Nei pazienti con insufficienza renale moderata (FGR 45 – 60 ml/min/1,73 m²), l’uso di metformina deve essere sospeso 48 ore prima dell’amministrazione di mezzi di contrasto a base di iodio e non deve essere ripreso prima di 48 ore dopo l’esame, solo dopo una nuova valutazione della funzionalità renale e la conferma dell’assenza di ulteriore peggioramento della funzione renale.

Combinazioni che richiedono cautela.

L’uso concomitante con uno dei seguenti farmaci può causare ipoglicemia in alcuni casi, a causa del potenziamento dell’effetto ipoglicemizzante: altri farmaci ipoglicemizzanti (insuline, acarbosio, tiazolidinedioni, inibitori della dipeptidilpeptidasi-4, agonisti del recettore del peptide glucagone-simile-1 (GLP-1)), beta-bloccanti, fluconazolo, inibitori dell’ACE (captopril, enalapril), antagonisti dei recettori H2, inibitori della MAO, sulfamidici, claritromicina, simpaticomimetici, farmaci antiinfiammatori non steroidei. È necessario monitorare più frequentemente la glicemia, specialmente all’inizio del trattamento. Durante e dopo l’interruzione di tale terapia combinata, è necessario aggiustare la dose di Dibizid-M.

Diuretici, specialmente diuretici dell’ansa, possono aumentare il rischio di acidosi lattica a causa del possibile peggioramento della funzionalità renale.

Combinazioni che richiedono cautela.

Fluconazolo: aumenta il tempo di dimezzamento dei sulfonilureici, il che può portare all’insorgenza di sintomi di ipoglicemia.
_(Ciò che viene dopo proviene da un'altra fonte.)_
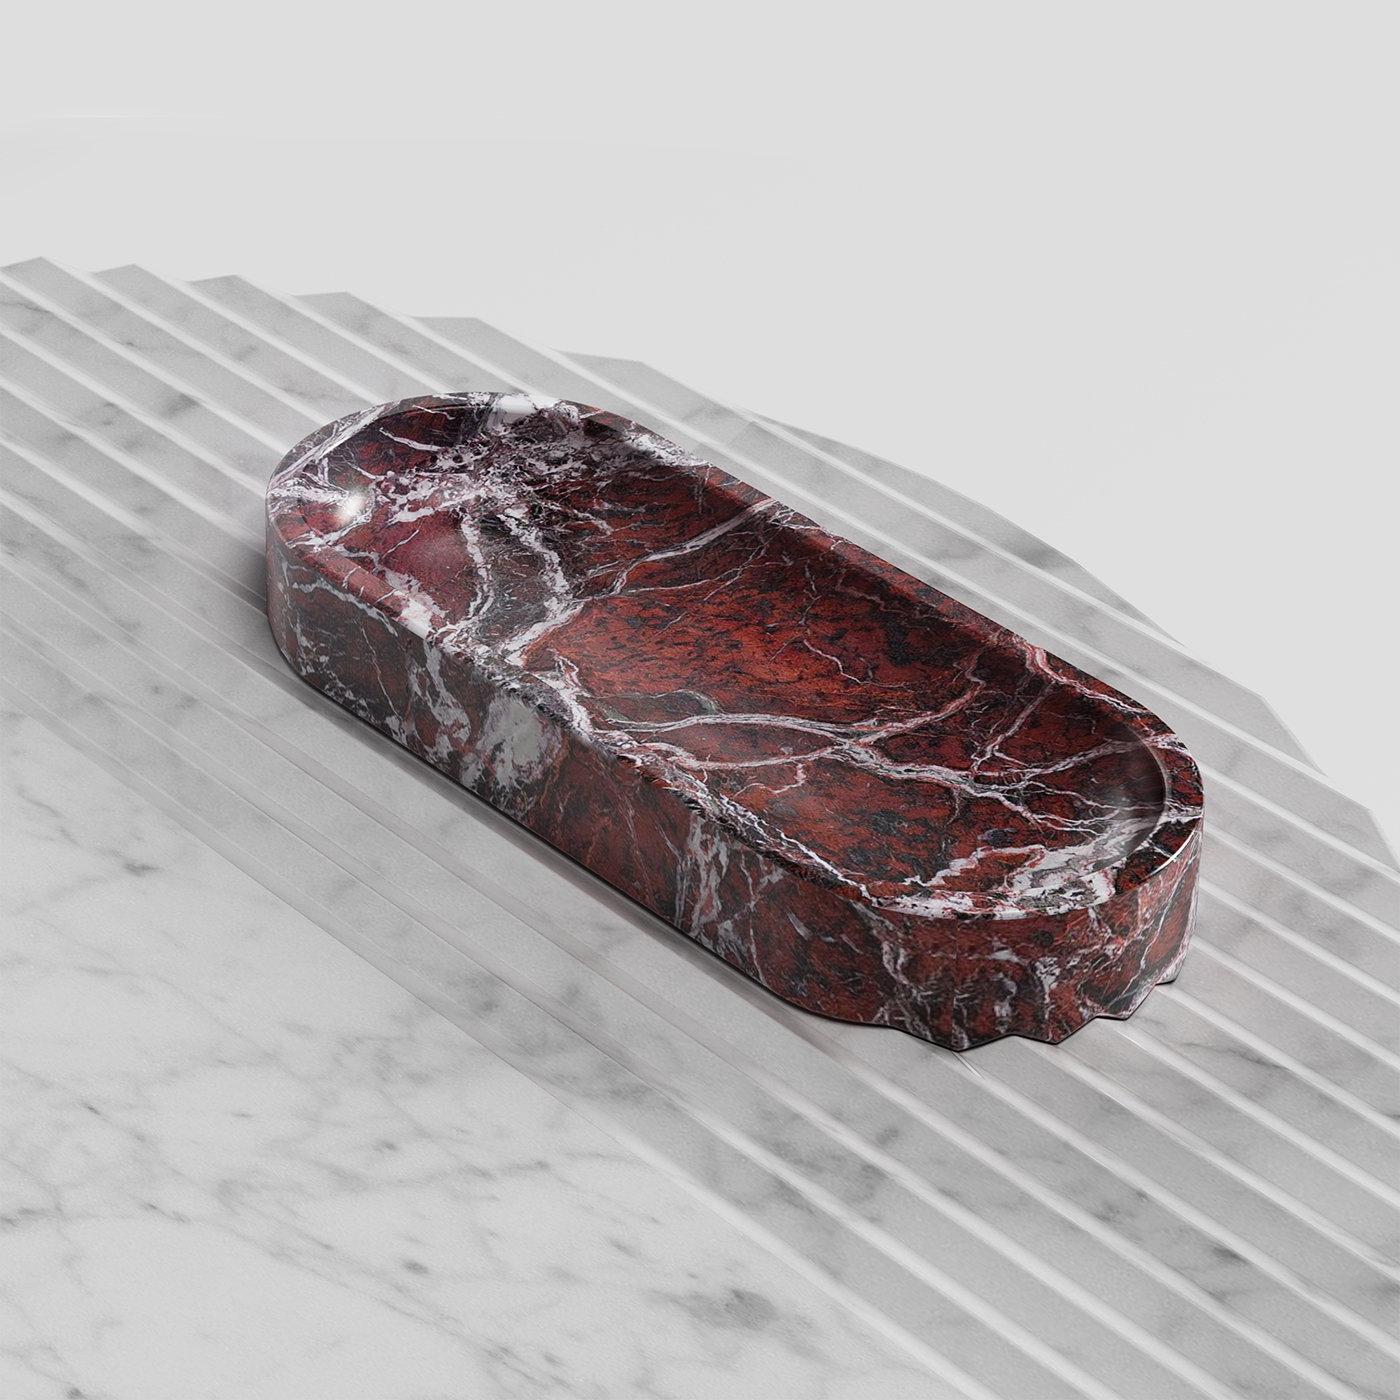 Equally ideal to display business cards in sophisticated waiting rooms or to offer pastries during a relaxing tea break, this elongated bowl with rounded extremities is crafted from prized red Levanto marble. Produced in Tuscany region, its

Voriconazolo. Sebbene non sia ben studiato, voriconazolo può aumentare i livelli plasmatici di sulfonilureici (ad esempio tolbutamide, glipizide e gliburide), causando ipoglicemia.

Salicilati (acido acetilsalicilico) possono potenziare l’effetto ipoglicemizzante di Dibizid-M.

Beta-bloccanti. Tutti i beta-bloccanti mascherano alcuni sintomi di ipoglicemia (ad esempio palpitazioni e tachicardia). La maggior parte dei beta-bloccanti non cardioselettivi aumenta la frequenza e la gravità dell’ipoglicemia.

Inibitori dell’enzima convertitore dell’angiotensina (ACE).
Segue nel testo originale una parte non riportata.